# hat-splitter
This is the home of the HAT splitting rule. We expose it as a Rust crate with
Python bindings so that the same splitting rule can be used in both languages.
- Rust crate: https://crates.io/crates/hat-splitter
- Python package: https://pypi.org/project/hat-splitter
This project is WIP. More information and documentation to follow.
## The plan
We've found that HAT models are very sensitive to their splitting rule. As a
result, the splitting rule implemented here must exactly match the behaviour of
the splitter we're currently using.
1. Create a simple placeholder text splitting implementation (e.g., just split
on whitespace). ✅
2. Set up Python bindings with PyO3. ✅
3. Add Scaling as a Python dev dep and test the Python bindings against the
existing splitting rule.
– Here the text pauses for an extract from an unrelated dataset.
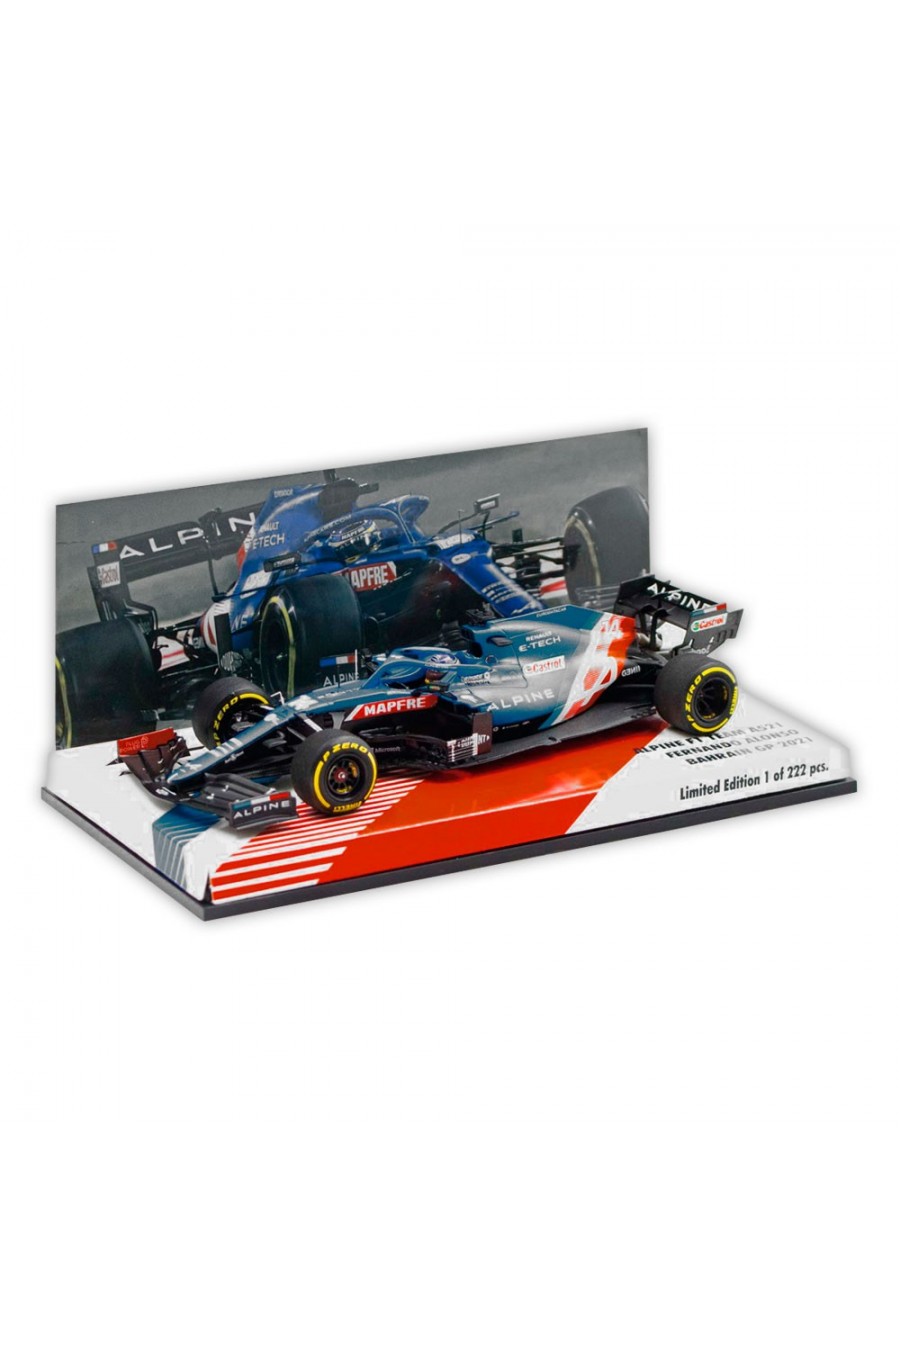 Miniatura 1:43 Coche Alpine F1 A521 2021 'Fernando Alonso'

Tests will fail. ✅
4. Implement the HAT splitting rule in Rust and make tests green. ✅
5. Package and publish to crates.io and PyPI. ✅
6. Create benchmarks and apply initial optimisations. ✅
## Development
### Release process
1. Update the version in `Cargo.toml`. Commit and push to `main`.
2. Tag the commit with the new version, e.g., `git tag v0.1.0`.
3. Push the tag to the remote. CI will take care of the rest.